**Given material**
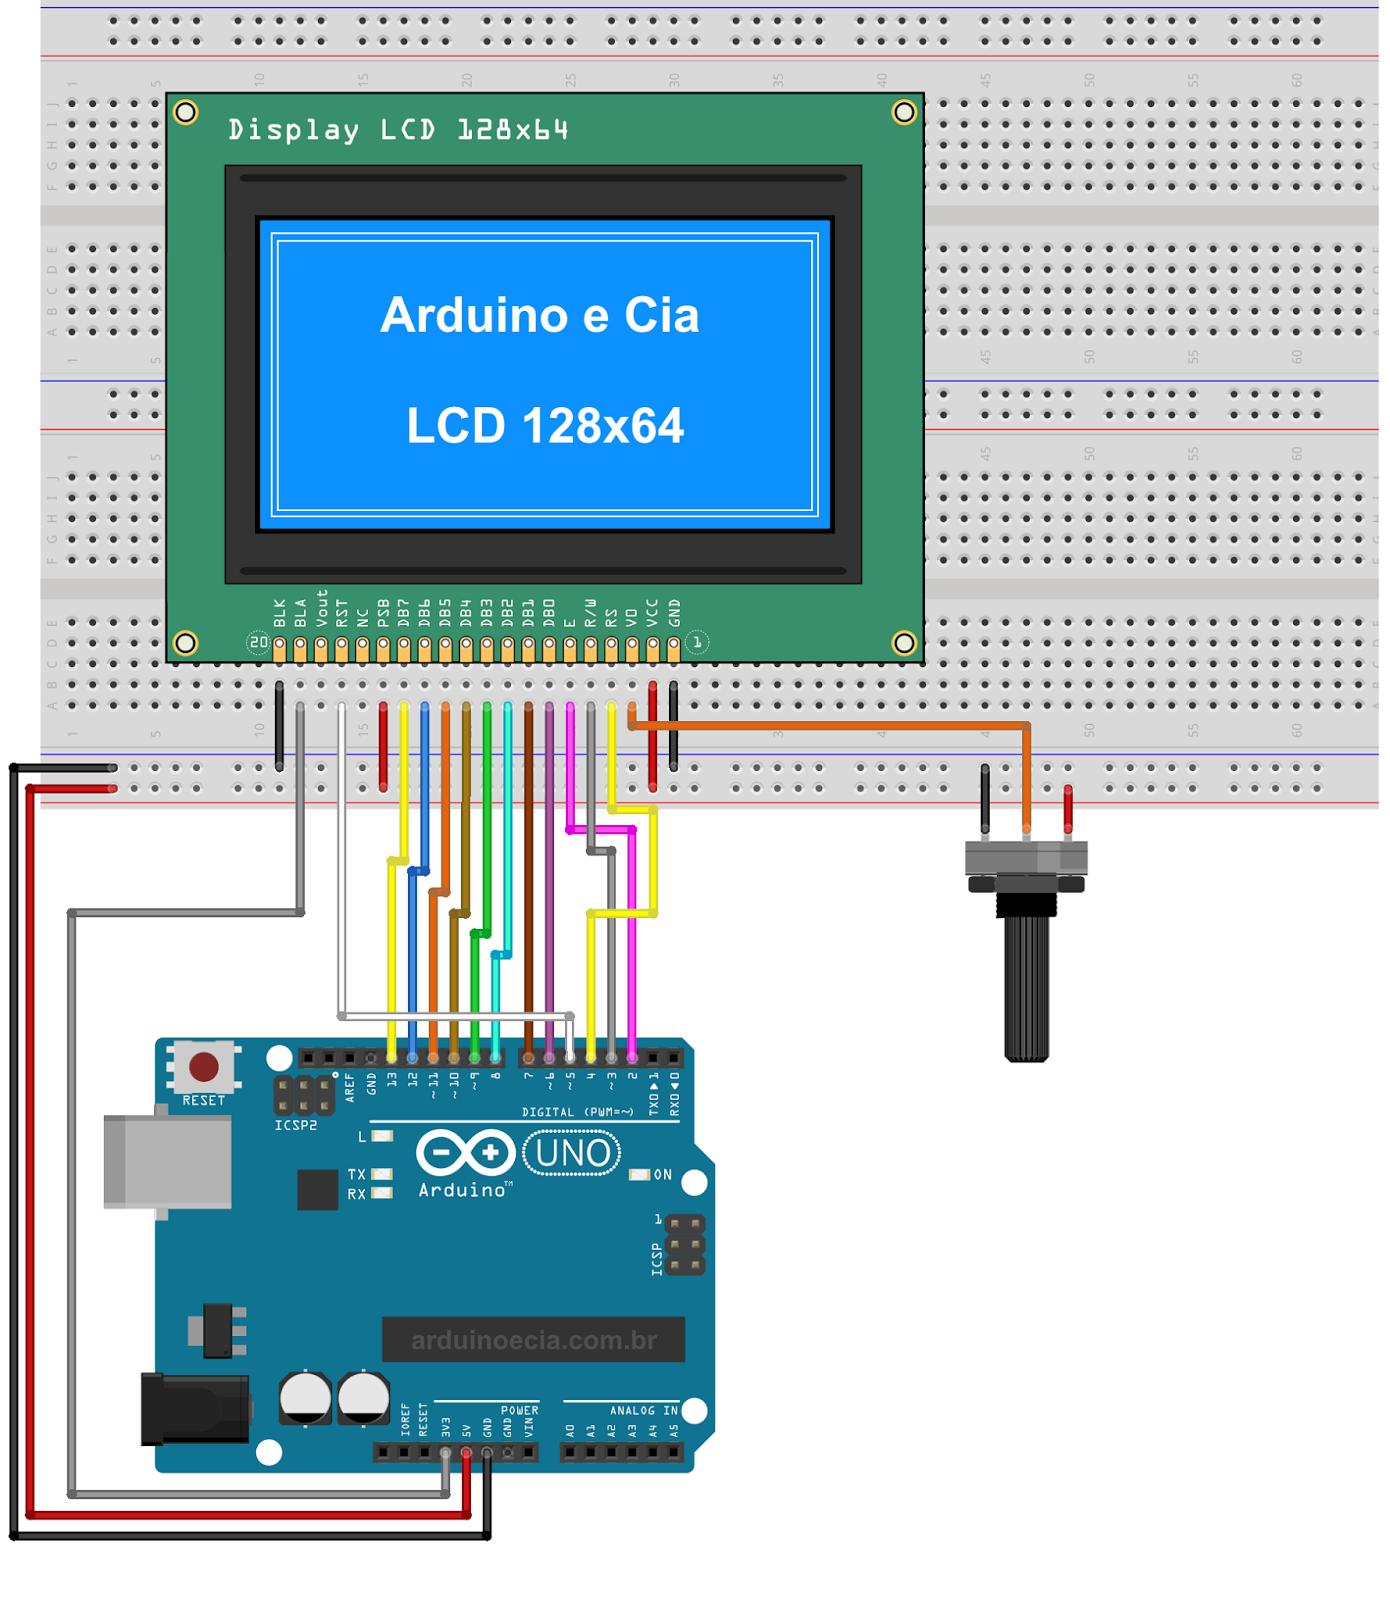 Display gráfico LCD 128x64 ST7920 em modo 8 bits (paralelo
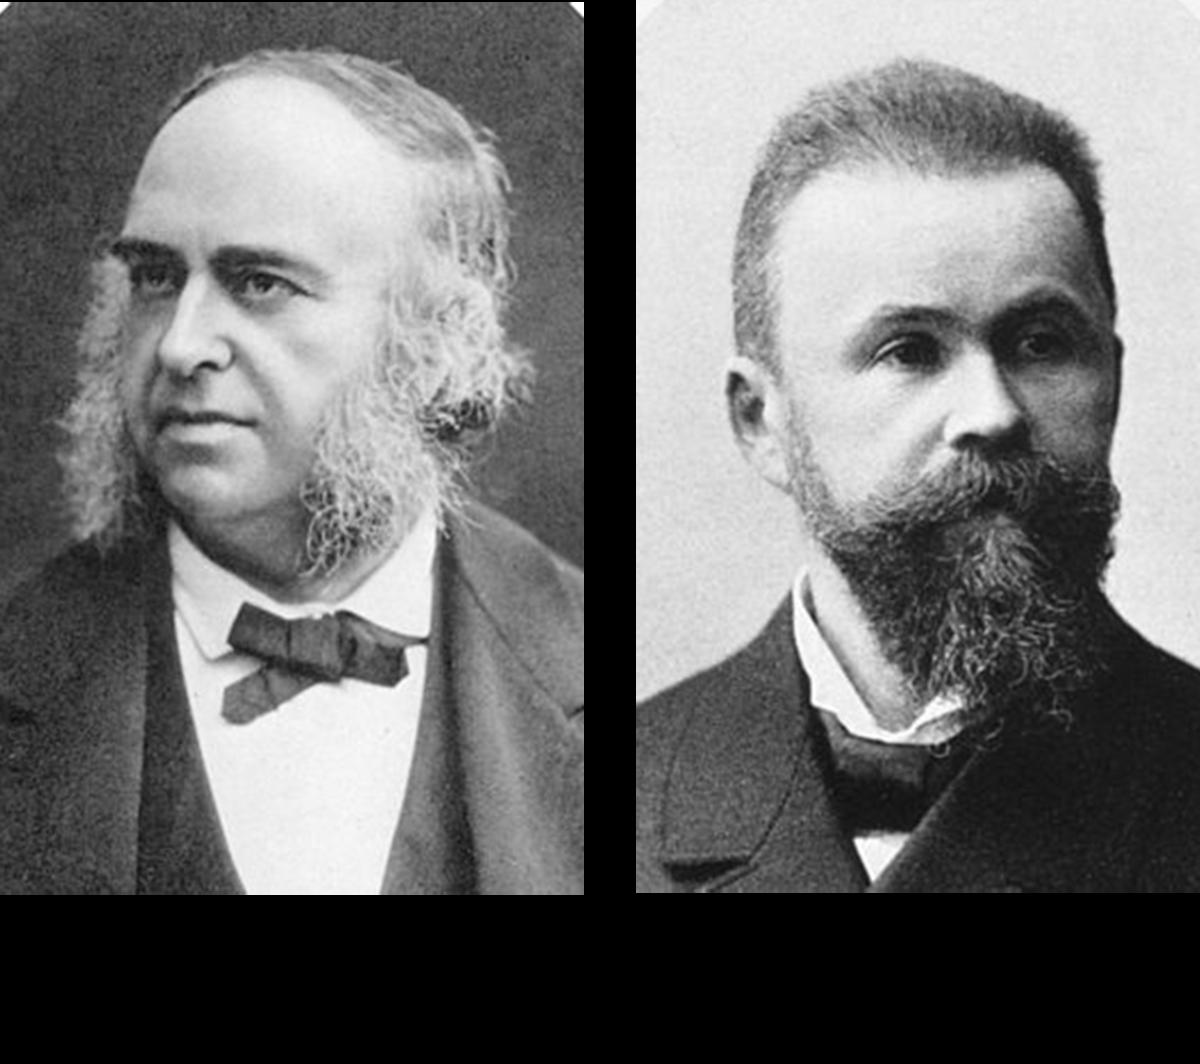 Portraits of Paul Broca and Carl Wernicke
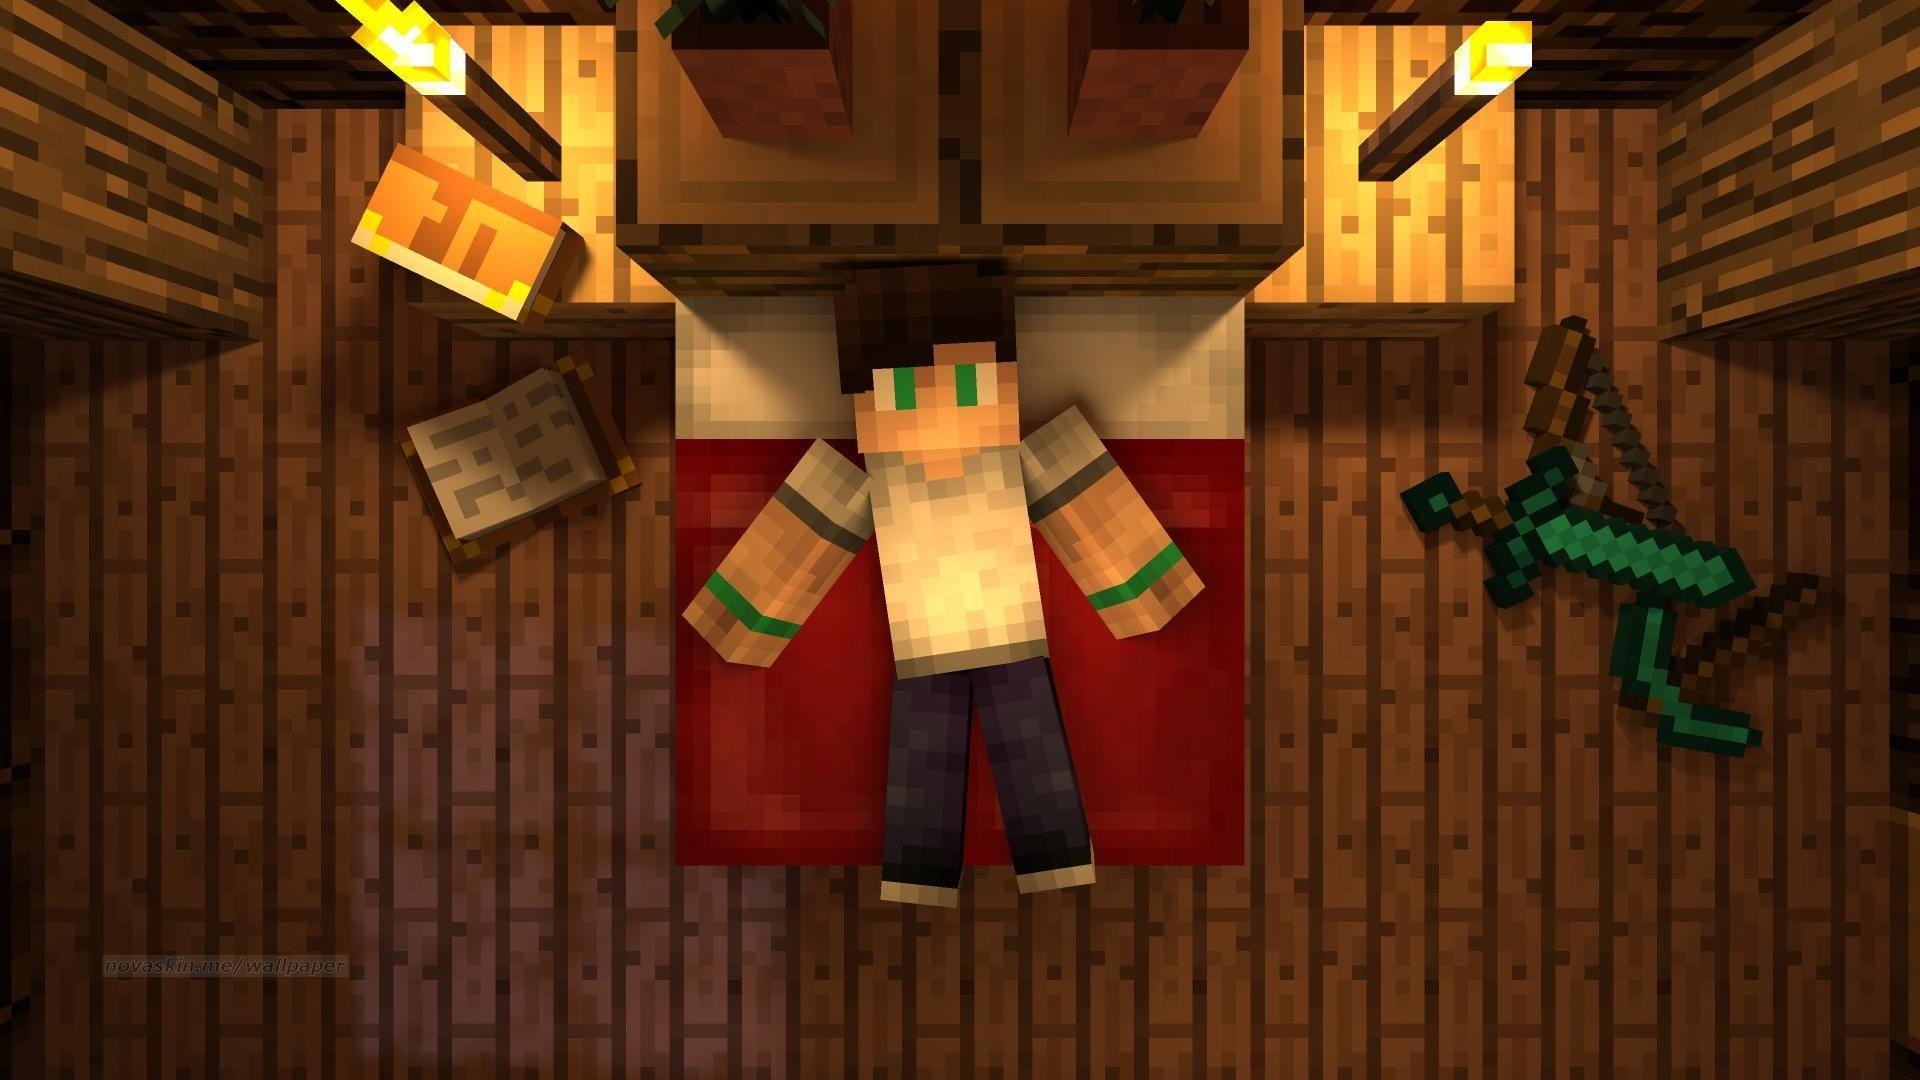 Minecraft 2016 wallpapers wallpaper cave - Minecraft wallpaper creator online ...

**What the exercise asks**
Line by line, output the material above exactly, passing over the pictures.

**Exercise output**
 Display gráfico LCD 128x64 ST7920 em modo 8 bits (paralelo
 Portraits of Paul Broca and Carl Wernicke
 Minecraft 2016 wallpapers wallpaper cave - Minecraft wallpaper creator online ...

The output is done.